All that said: AI agents don’t come pre-trained for your business. They must learn how to best be your partner, and it’s your responsibility to teach them. You need to give them context, rules, and reinforcement to help them not only understand what to do, but also how your business thinks. In other words: train your agents like you train your analysts. Do it by:
- Giving agents business-specific frameworks to follow (i.e., forecasting logic, coding standards, and accounting policies).
- Defining boundaries to reduce hallucinations and variance.
- Continuously refine outputs through feedback loops.
- Formatting them to ask questions vs. make assumptions about which direction they should take.
It’s important to underscore that one of the major roadblocks in the agentic AI space is the learning gap between the tech and the industry/business expertise. To get the most out of this type of AI, you need an experienced implementation partner with in-depth expertise in your business’s specific industry to ensure that you’re implementing the right AI for the right use cases.
5. How can you optimize model use for cost efficiency?
Yes, AI should cut costs for your business… but it isn’t free. Poorly trained agents or inefficient models can rack up expenses without adding value, which means you need to make sure that you:
- Choose the right model for the right task (text, data, code, vision, etc.). Your implementation partner can help you navigate that decision.
- Prioritize deterministic behavior in high-stakes tasks like forecasting, close, or compliance.
- Monitor performance and re-train agents to improve efficiency. As Sankar points out: NetSuite’s AI-driven digital assistant features, for example, help manage these interactions through user-friendly interfaces, but must be combined with structured training and governance to be effective.
It’s one of Chess’s foundational points: The most efficient AI isn’t something bolted on top of your ERP; it’s intelligence built directly into it. When AI is embedded in your workflows, it draws from existing data, avoids duplication, and delivers insight without added integration cost.

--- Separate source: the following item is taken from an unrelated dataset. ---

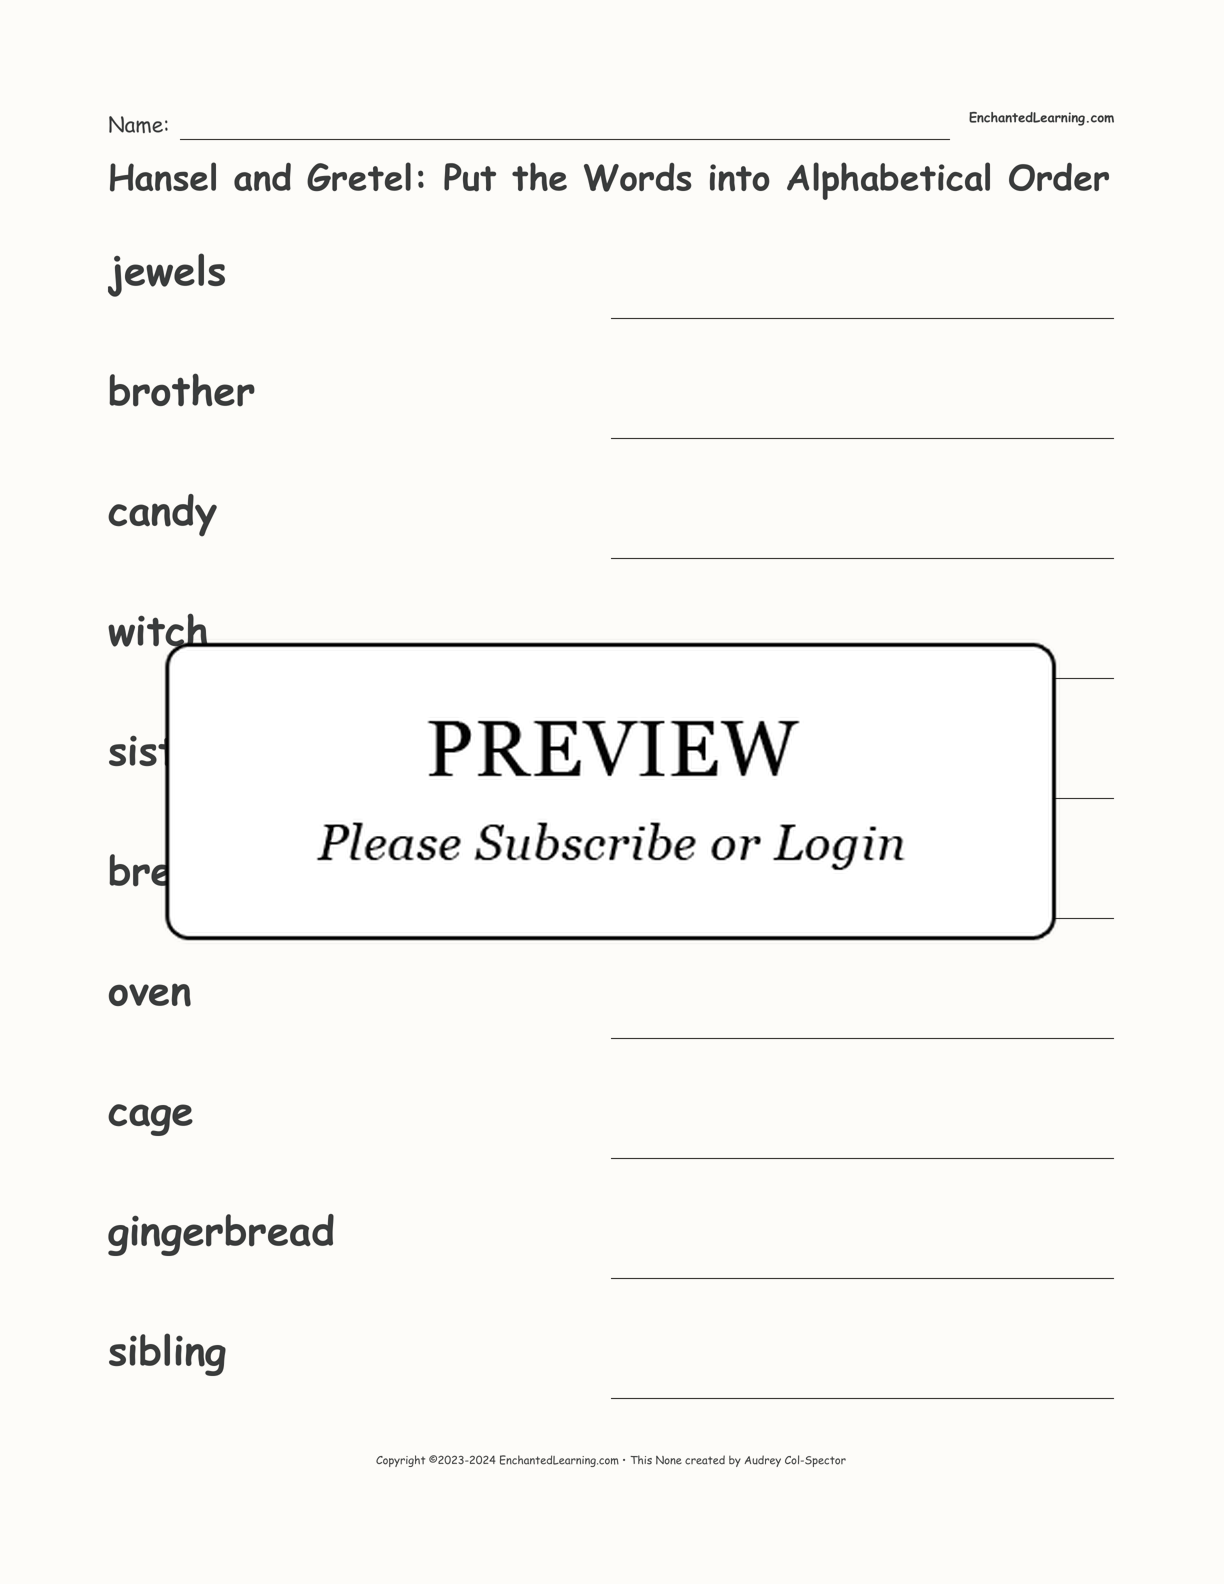 Hansel and Gretel: Put the Words into Alphabetical Order interactive worksheet page 1

At the end of the day, cost efficiency comes from having a deployment partner that does more than simply “turn on AI.” You need one that can design operating models where cost, accuracy, and usability work in concert to create measurable value.
The CFOs that will come out in front of the AI race are those that know how to get the most juice from their agentic AI squeeze – and who build systems where humans AI collaborate seamlessly. Asking these five questions helps you get there.